# Equivalence definition of Lower Integral

let $$f$$ be a real-valued bounded function on $$[a,b]$$.

For all partition $$P:x_0,...x_N$$ of $$[a,b]$$, define $$m_k(f,P)=\inf_{x_{i-1}\le x\le x_i}(f(x))$$ and $$m^*_k(f,P)=\inf_{x_{i-1}< x< x_i}(f(x))$$ (which does not include the endpoints) for all $$k=1,...,N$$.

The lower integral of $$f$$ is usually defined by $$L=\sup\{\sum_{k=1}^Nm_k(f,P)(x_i-x_{i-1}): P:x_0,...,x_N$$ is a partition of $$[a,b]\}$$. But intuitively, the value of the lower integral should remains the same if we replace $$m$$ by $$m^*$$, i.e $$L=L^*:=\sup\{\sum_{k=1}^Nm^*_k(f,P)(x_i-x_{i-1}): P:x_0,...,x_N$$ is a partition of $$[a,b]\}$$, since only 2 points are removed for each section and should not affect the whole integral.

It is clear that $$L\le L^*$$, since each $$m_k(f,P)\le m_k^*(f,P)$$ by the property of infimum, but I am stuck in showing the another direction of the equality.

For a given partition $$P = (x_0,x_1, \ldots x_n)$$, let $$L(f,P) = \sum_{k=1}^nm_k(x_k - x_{k-1})$$ denote the usual lower Darboux sum and let $$L^*(f,P) = \sum_{k=1}^nm_k^*(x_k - x_{k-1})$$ denote the lower sum with infima taken over open subintervals.

You already have shown that $$L(f,P) \leqslant L^*(f,P)$$ which implies that

$$L = \sup_P L(f,P) \leqslant \sup_PL^*(f,P) = L^*$$

To prove that $$L = L^*$$, it is enough to show that for any $$\epsilon >0$$ there exists a partition $$Q$$ such that $$L^* - L(f,Q) < \epsilon$$.

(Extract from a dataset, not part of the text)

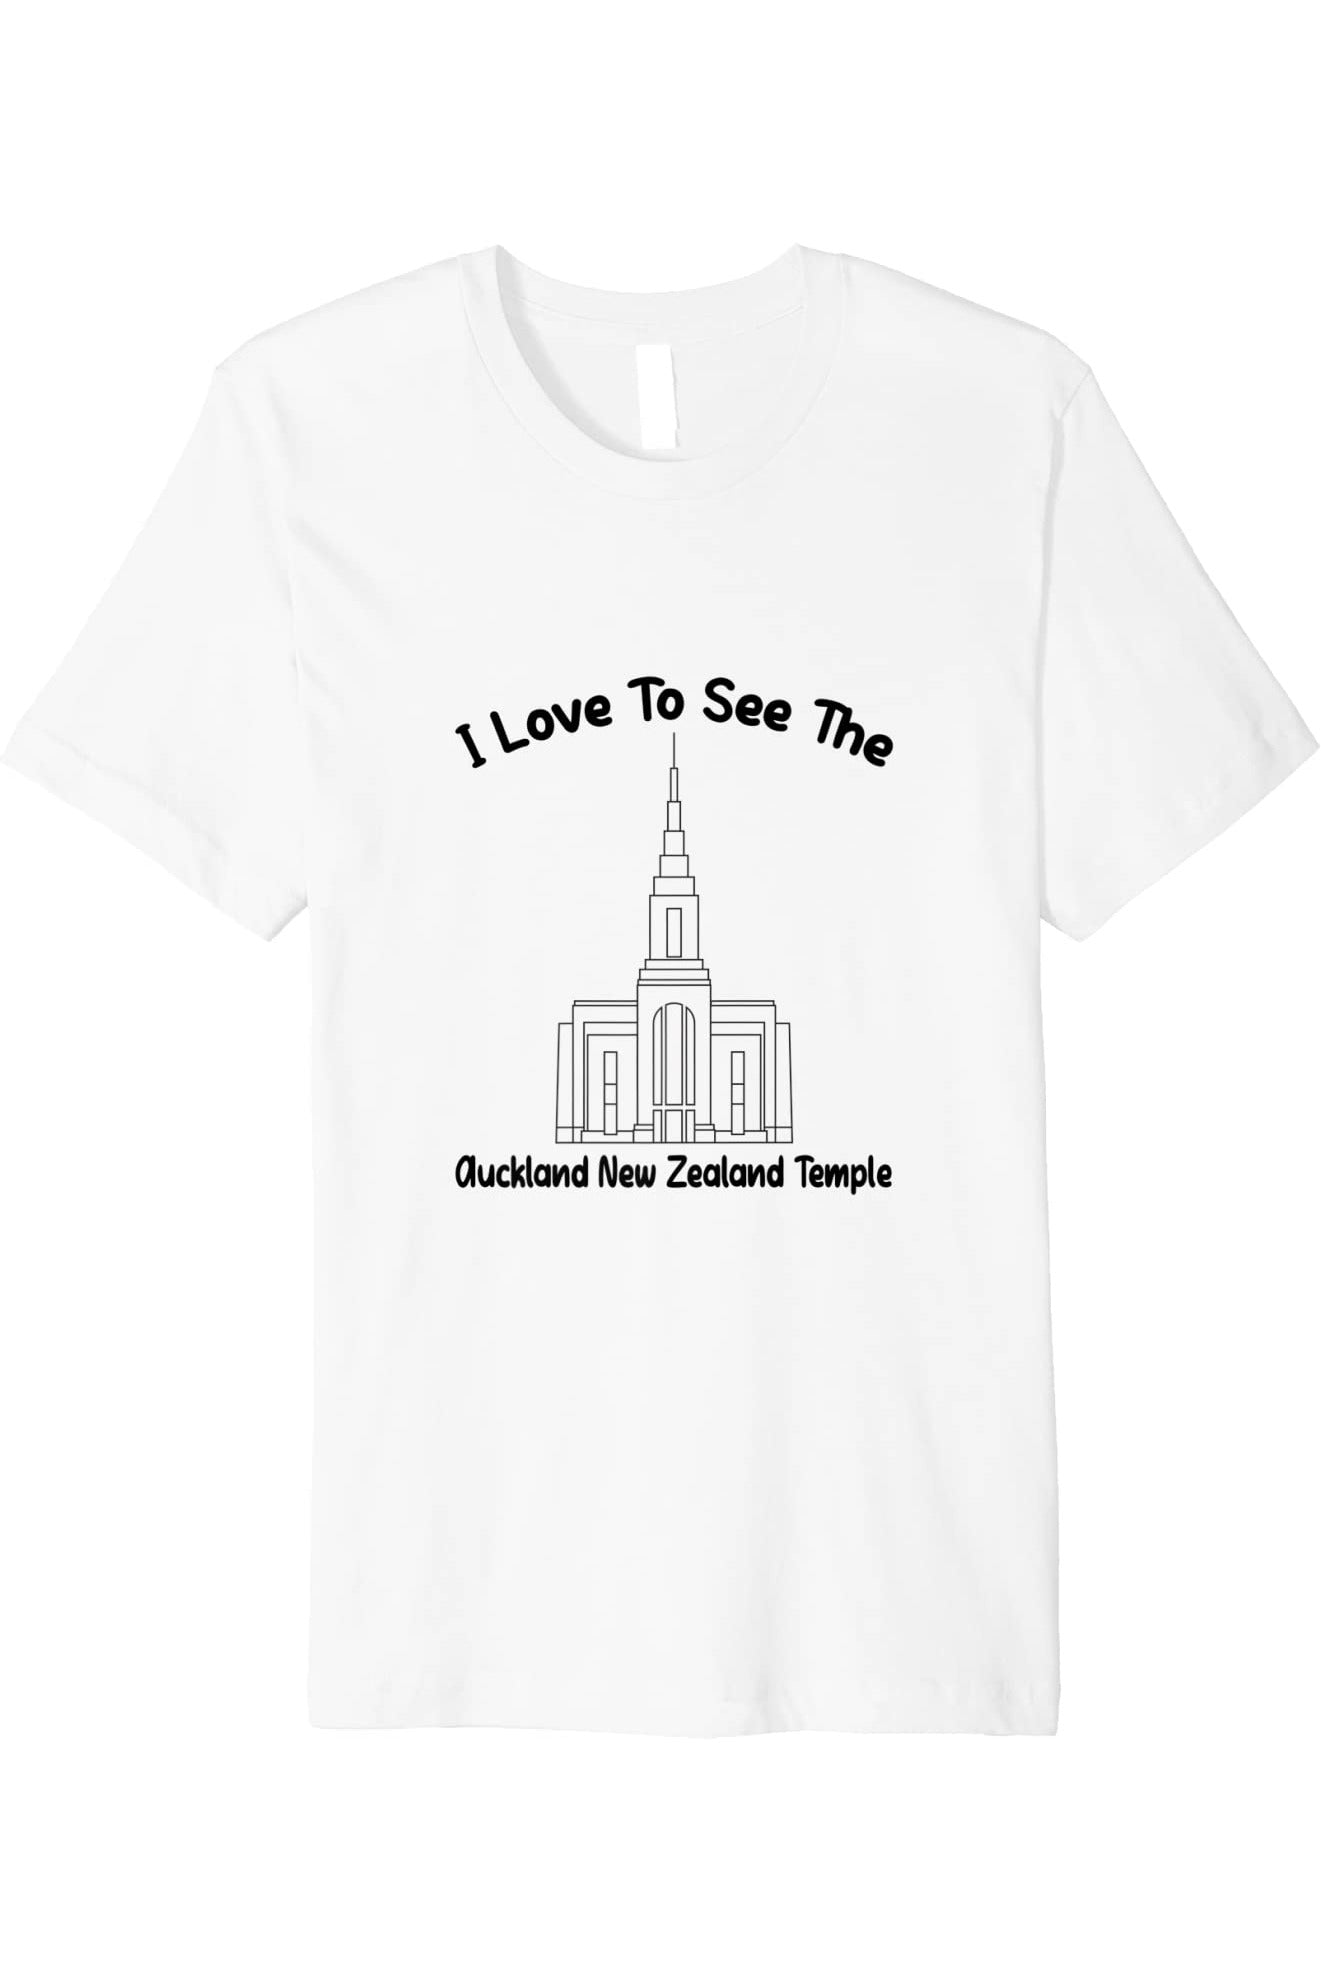 Auckland New Zealand Temple T-Shirt - Premium - Primary Style (English) US

Since $$f$$ is bounded, we have $$m < f(x) < M$$ for all $$x \in [a,b]$$. Also, for any $$\epsilon > 0$$, there exists a partition $$P = (x_0,x_1,\ldots, x_n)$$ such that $$L^* - L^*(f,P) < \frac{\epsilon}{2}$$ (since $$L^* = \sup_PL^*(f,P)$$).

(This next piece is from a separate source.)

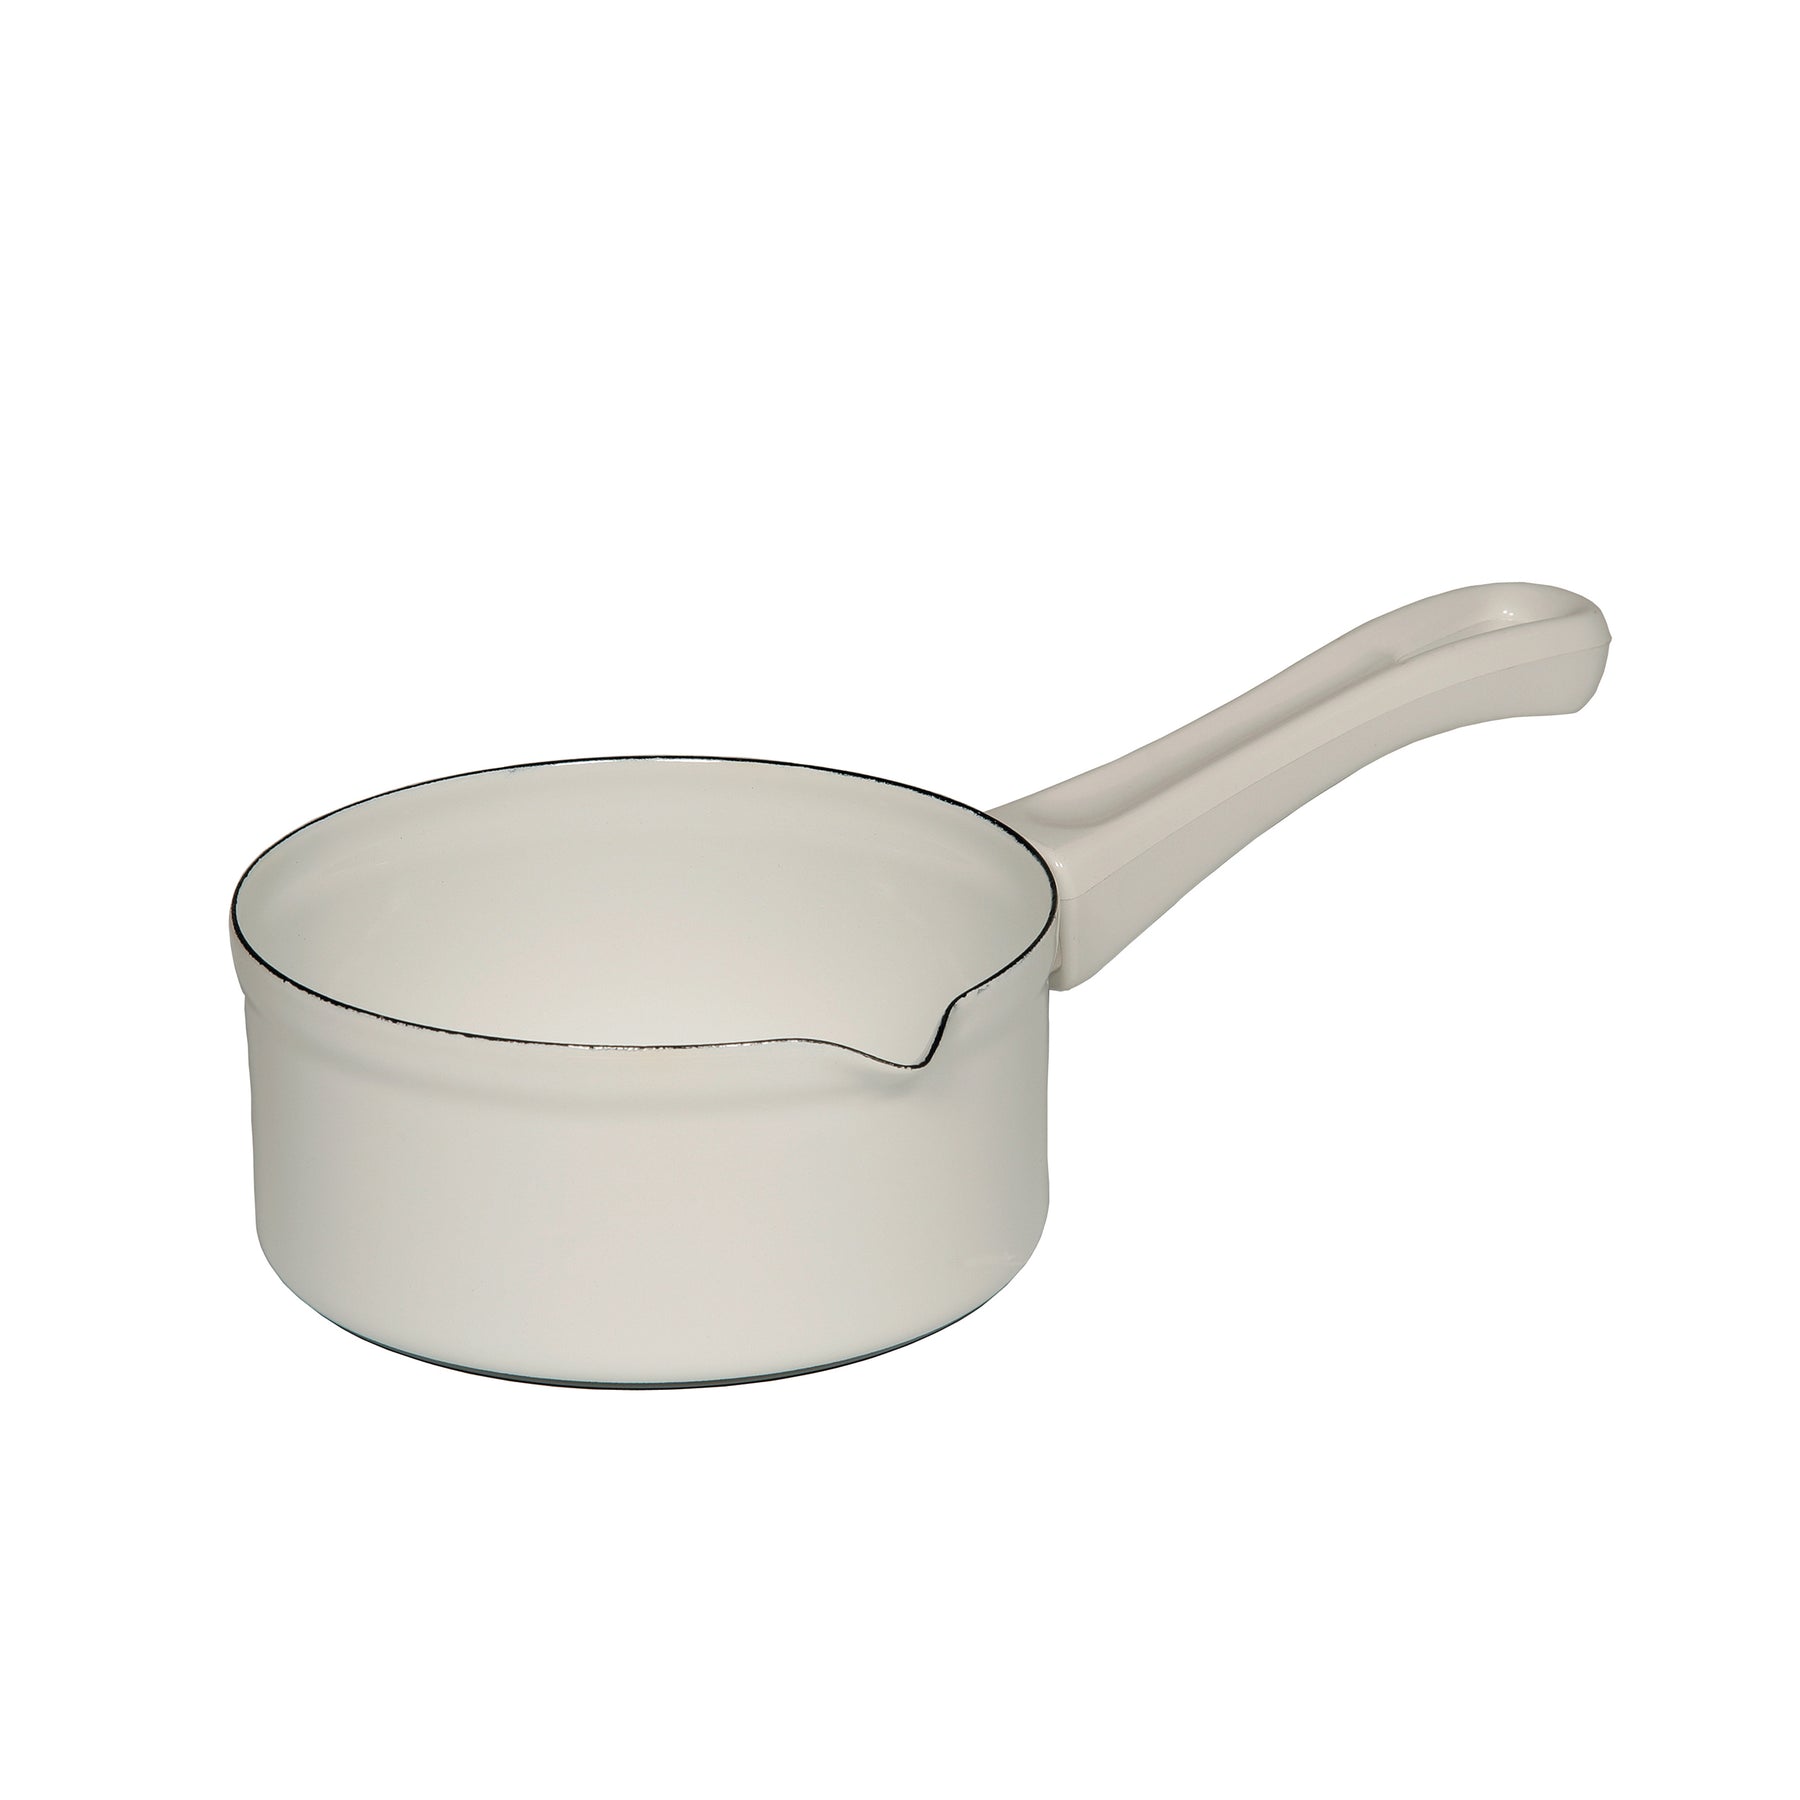 AMEICO - Official US Distributor of Riess - .5L Saucepan with Spout

Define the partition $$Q = (x_0, x_0+\delta, x_1-\delta, x_1,x_1+\delta,\ldots, x_n-\delta,x_n)$$ where

$$0 < \delta < \min\left(\frac{\max_{1\leqslant j \leqslant n}(x_j - x_{j-1})}{2}, \frac{\epsilon}{4n(M-m)}\right)$$

We have

$$L(f,Q) = \sum_{k=1}^n\left(\inf_{x \in [x_{k-1},x_{k-1} + \delta]}f(x)\cdot\delta + \inf_{x \in [x_{k-1}+ \delta,x_{k} - \delta]}f(x)\cdot (x_k - x_{k-1} - 2\delta)+ \inf_{x \in [x_{k}-\delta,x_{k} ]}f(x) \cdot\delta\right)$$

Since $$\inf_{x \in [x_{k-1},x_{k-1} + \delta]}f(x), \, \,\inf_{x \in [x_{k}-\delta,x_{k}]}f(x) \geqslant m$$ and $$\inf_{x \in [x_{k-1}+ \delta,x_{k} - \delta]}f(x) \geqslant m_k^*$$ it follows that

$$L(f,Q) \geqslant \sum_{k=1}^n\left(m\cdot\delta + m_k^*\cdot (x_k - x_{k-1} - 2\delta)+ m \cdot\delta\right) \\ = \sum_{k=1}^nm_k^*\cdot (x_k - x_{k-1}) - 2\delta\sum_{k=1}^nm_k^* + 2nm\delta$$

The first sum on the RHS is just $$L^*(f,P)$$ and for the second sum we have $$2\delta\sum_{k=1}^nm_k^* \leqslant 2nM\delta$$.

Thus,

$$L(f,Q) \geqslant L^*(f,P) - 2n(M-m)\delta > L^* - \frac{\epsilon}{2} - 2n(M-m) \frac{\epsilon}{4n(M-m)}= L^*- \epsilon$$

Therefore, $$L = \sup_P L(f,P) = L^*$$ since for any $$\epsilon > 0$$ there exists a partition $$Q$$ such that $$L^* - L(f,Q) < \epsilon$$.

• Thank you very much for your help. Not only for this question, but other question you answered in the past, it really helped me out.
– xyz
Jun 24, 2020 at 3:41
• @mathodfun: You’re welcome. I’m glad I could help.
– RRL
Jun 24, 2020 at 4:16